Wednesday, April 19, 2017

The Tao of NoSQL Data Modeling

The idea for Hackolade came from my own personal need for a data modeling tool for NoSQL databases.  I searched the web, and couldn’t find one that would satisfy my needs.   I tried really hard to use existing tools!  After all, all I wanted was to give my credit card number and download the right tool to do my job.  The last thing on my mind was to embark on a new entrepreneurial adventure...


There is a short explanation for why I was not satisfied with the existing tools, and there's also a long answer below.  The short answer is simple and holds (almost) in this one picture:

data modeling, yelp challenge dataset, ERD
Reverse-engineering of Yelp Challenge dataset using traditional ERD tool

Periodically, Yelp awards prize money for interesting insights out of the analysis of their sample dataset.  In the past, it has led to hundreds of academic papers.  As the data is provided in JSON format, any NoSQL document database is a good candidate to store the data, and several blogs explain how to use MongoDB for the analysis.  Using a data modeling tool to discover the data structure should be a great first step...

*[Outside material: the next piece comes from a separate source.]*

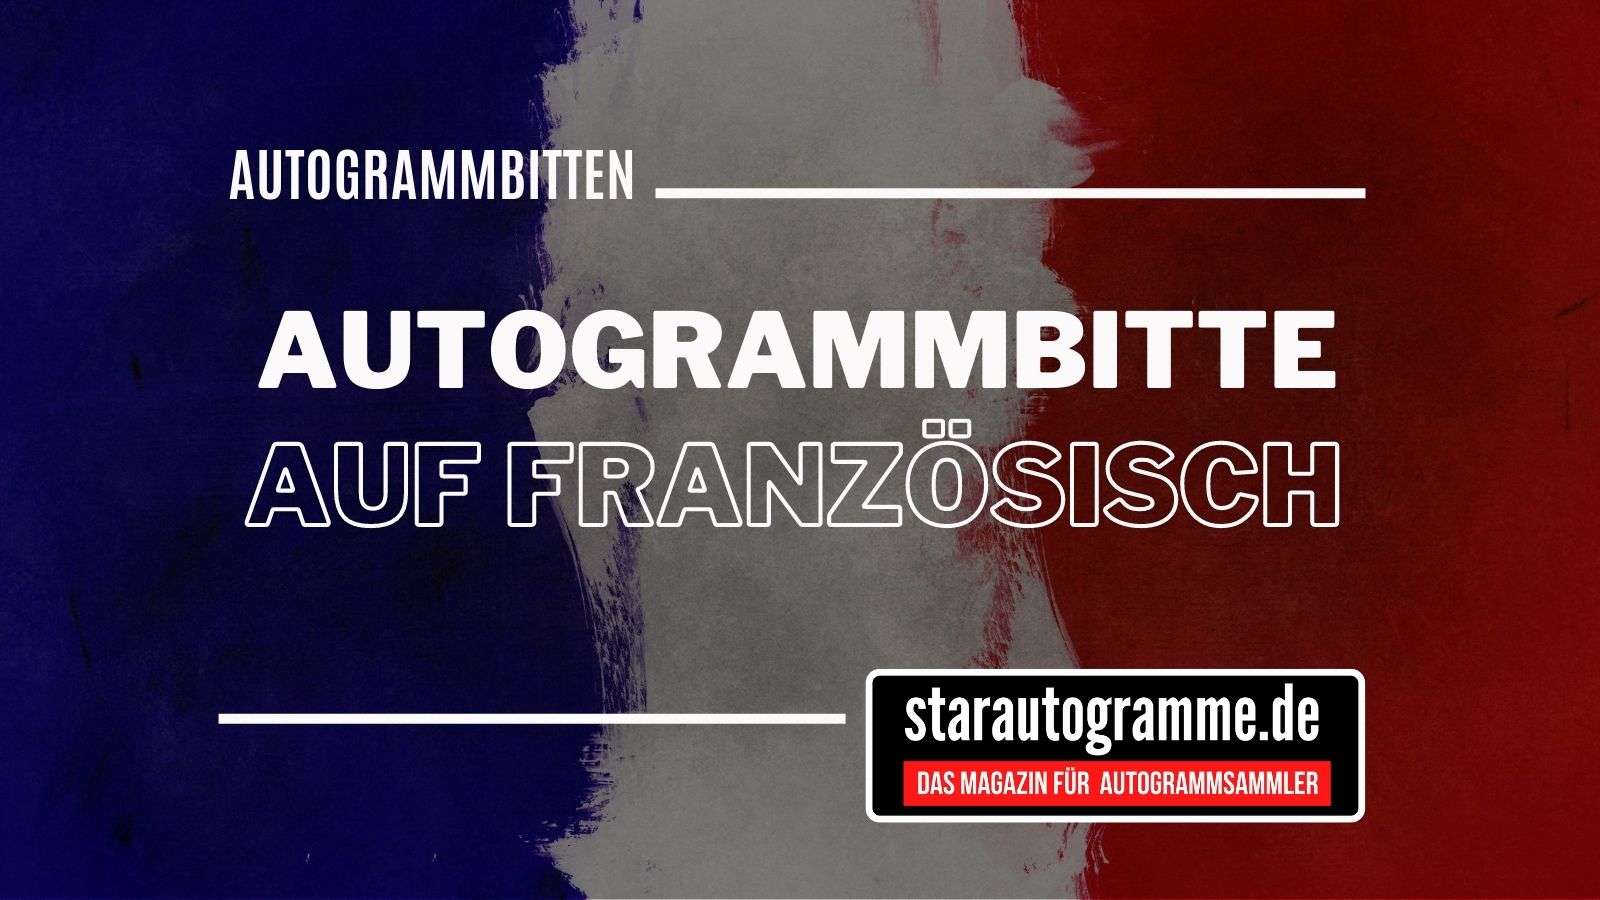 You are currently viewing Standardautogrammbitte Deutsch-Französisch

Only problem is: the Yelp dataset is made of five data collections in MongoDB, yet the traditional ER tools end their reverse-engineering process showing these stats:

If there are just five collections in the database, you would expect only five entities in the Entity Relationship diagram, one for each of the collections in MongoDB, right?  Something more like this:
data modeling, yelp challenge dataset, ERD
Reverse-engineering of Yelp Challenge dataset using Hackolade
Besides the more orderly aspect, this second diagram is also a lot easier to understand.  It is a closer representation of the physical storage, displaying nested JSON sub-objects as indentations rather than as separate boxes (entities) in the ERD -- in a manner similar to what you would find in a JSON document. 

And if you're developing or maintaining your own model, it is a lot easier to deal with the entire JSON structure in just one view, including all nested objects (arrays and sub-documents), than if you need to open a new entity for each nested object (like in the following picture representing the structure of just one of the Yelp documents...)
Yelp Business collection represented by a traditional ER tool

No wonder some developers of NoSQL applications don't want to hear about data modeling, when the diagram that is supposed to help understand and structure things, is actually more confusing, and doesn't look anywhere close to the physical documents being committed to the database!  A more natural view would be this one:

Yelp Businesses collection represented by Hackolade
To manage objects metadata, Hackolade provides a second view -- a hierarchical tree view -- similar to the familiar XSD tree:
Hierarchical tree view in Hackolade
One of the great benefits of this tree view is the handling of the polymorphic nature of JSON, letting the user define choices between different structures.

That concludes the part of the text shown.